I once asked the students in my university class how many deities there were. There was some hurried consultation and the entire class agreed on the answer: there were 8,000,000 deities. I resisted the temptation to ask how the person who counted them arrived at this figure, for the question would have made no sense. The number of deities is thought to be uncountable and 8,000,000 is a traditional figure.11

Most Japanese eat special food during the New Year and try to visit a Shinto shrine on New Year’s Day. Many in Tokyo go to the Meiji Shrine in Shinjuku, where the Emperor Meiji is enshrined. In other words the Emperor is worshipped as a deity at the shrine. Apart from the visit on New Year’s Day, this shrine is often visited by people who pray for a successful delivery in childbirth, or for success in school and university examinations. Whether the Emperor Meiji has any special powers in these two respects is probably something that the visitors never stop to consider. Similarly, a festival is held in April every year at the Aiki Shrine in Iwama, where the Founder of Aikido is also worshipped as a kami of the shrine.

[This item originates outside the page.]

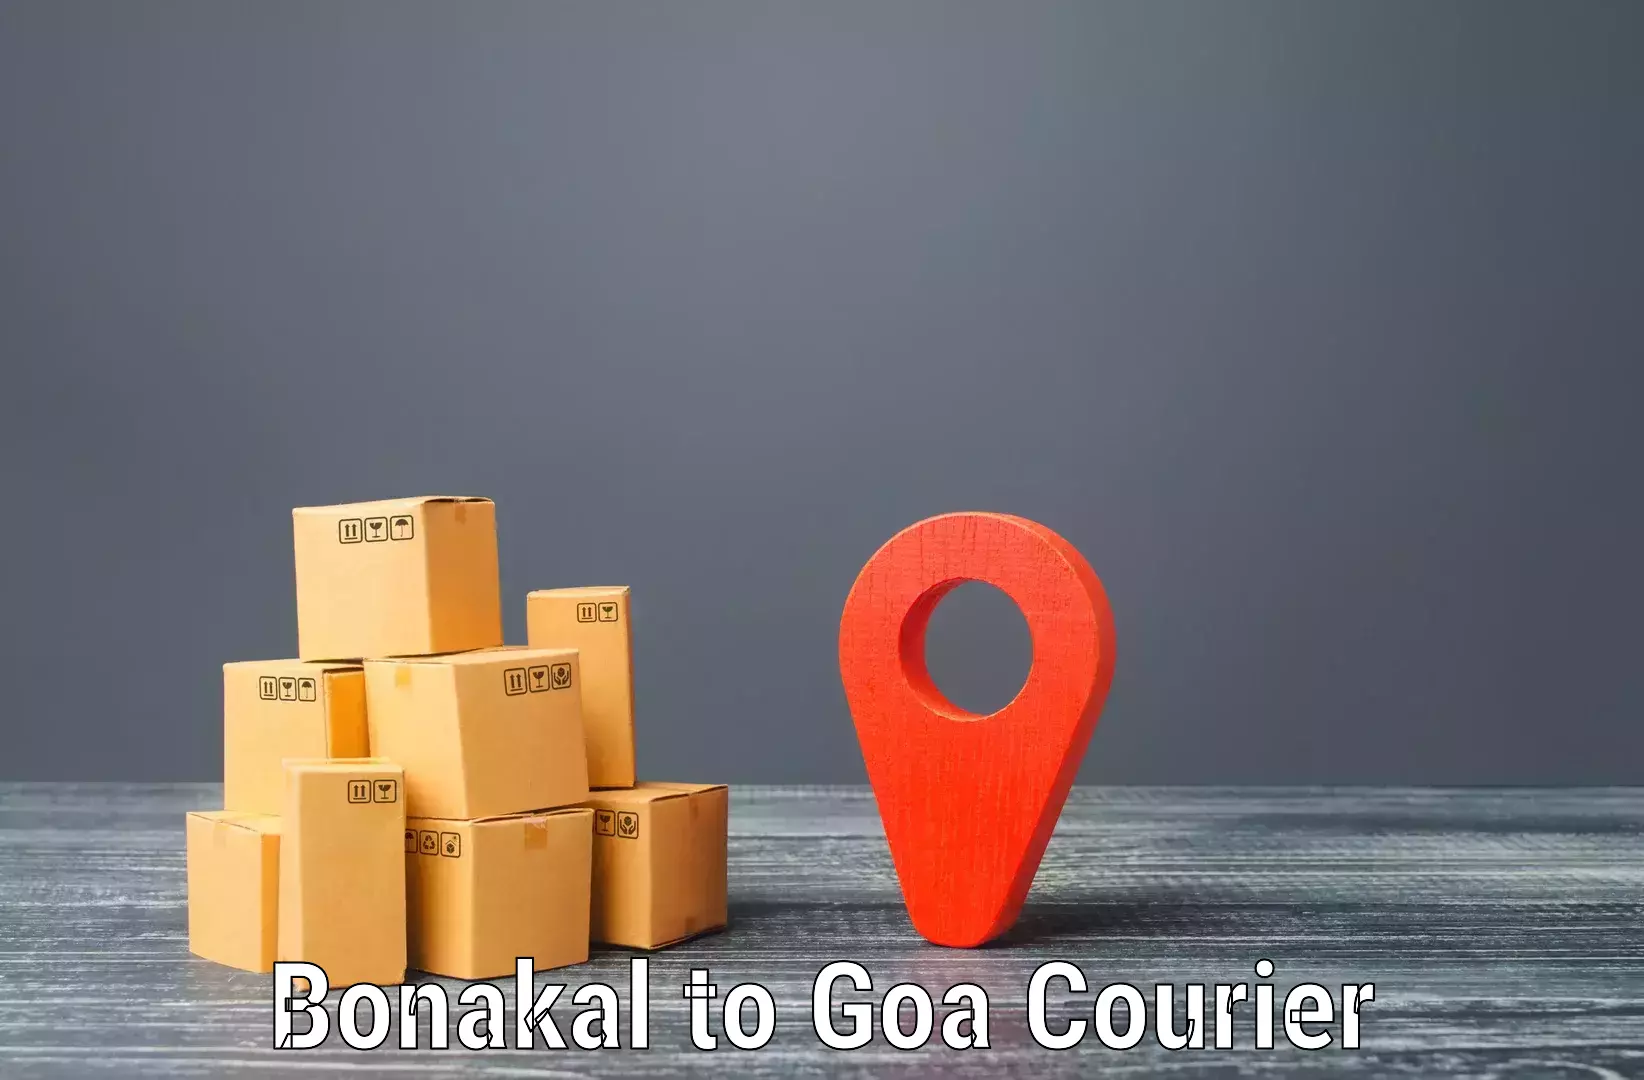 Courier service innovation Bonakal to Sanvordem

Throughout the year there are festivals organised by the local shrines, some of which are very boisterous. In one local festival in Okayama, crowds of young men dressed only in loin cloths fight to gain possession of a sacred ball, the whole point of the festival being to entertain the deities of the shrine, in order that they will use their special ‘powers’ for the good of the community. Some of these festivals have an explicitly phallic nature and it used to be common for large replicas of the male and female genitalia to be paraded through the streets. The Kanamara Shrine near Kawasaki, for example, is one of about 40 shrines devoted to deities of sex and fertility. The shrine deity is Kana-yama-biko-no-kami and, together with his female partner, was created out of the vomit of Izanami as she gave birth to the fire god and the pair are also traditionally believed to have tried to nurse her back to health afterwards.12 The sexual allusions in the Kojiki will be made clearer below.

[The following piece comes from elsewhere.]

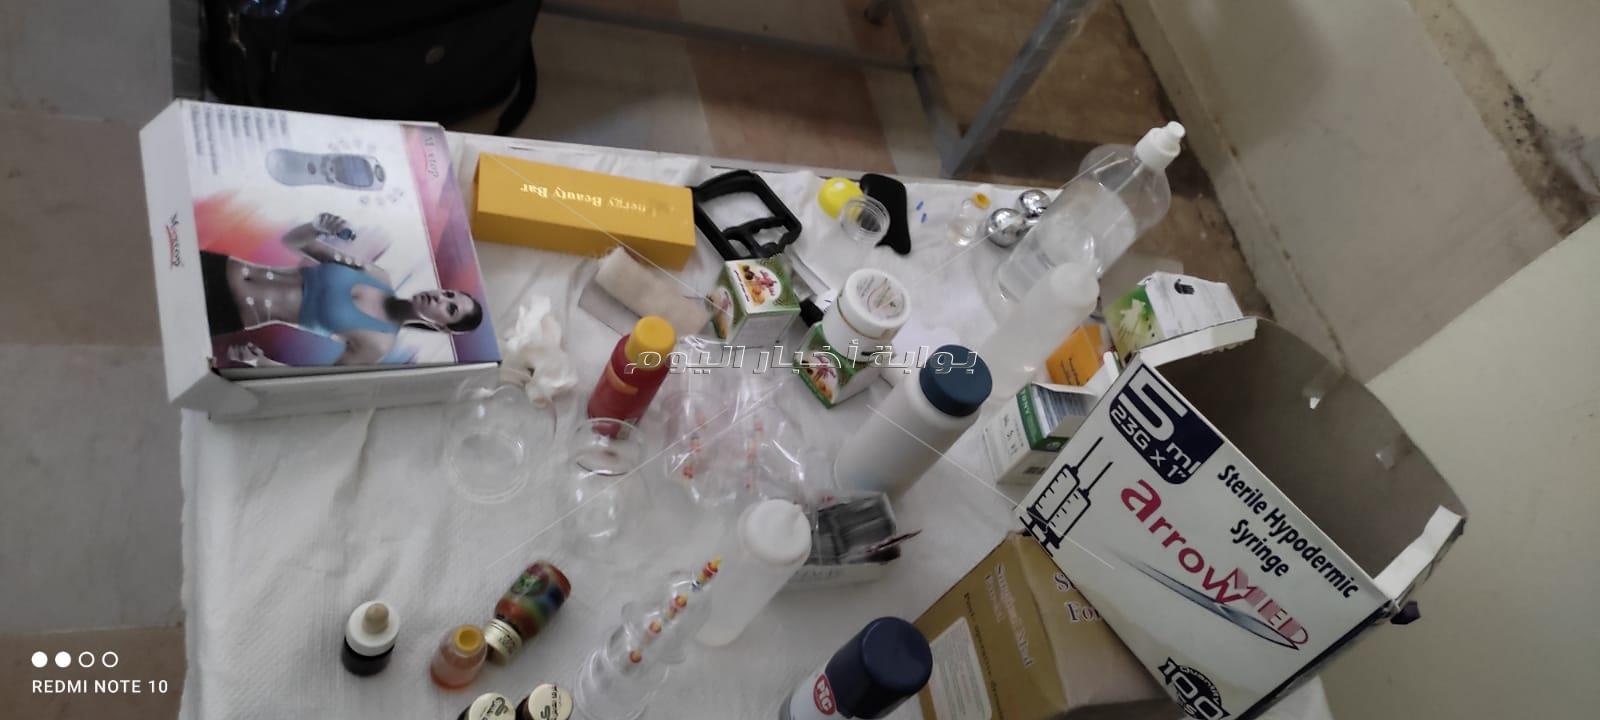 غلق وتشميع مركز مشهور للعلاج بالحجامة بدون ترخيص بداخلة أدوية مجهولة بمدينة نصر

The spring rice-planting festivals and autumn harvest festivals are separated by a mid-summer festival in August. This annual Bon festival causes highy-organised chaos on Japan’s transportation systems as people return to their ancestral homes. Why do they do this? They do it because their dead ancestors will make the journey from the spirit world to their ‘homes’ and need to be entertained by their living descendants. Thus in more traditional parts of Japan, lanterns are set up to guide the spirits on their way and Bon festivals are organised to entertain them. These and other festivals are highly ‘alcoholic’ affairs and were probably looked forward to in the past as a welcome excuse from the drudgery of daily work.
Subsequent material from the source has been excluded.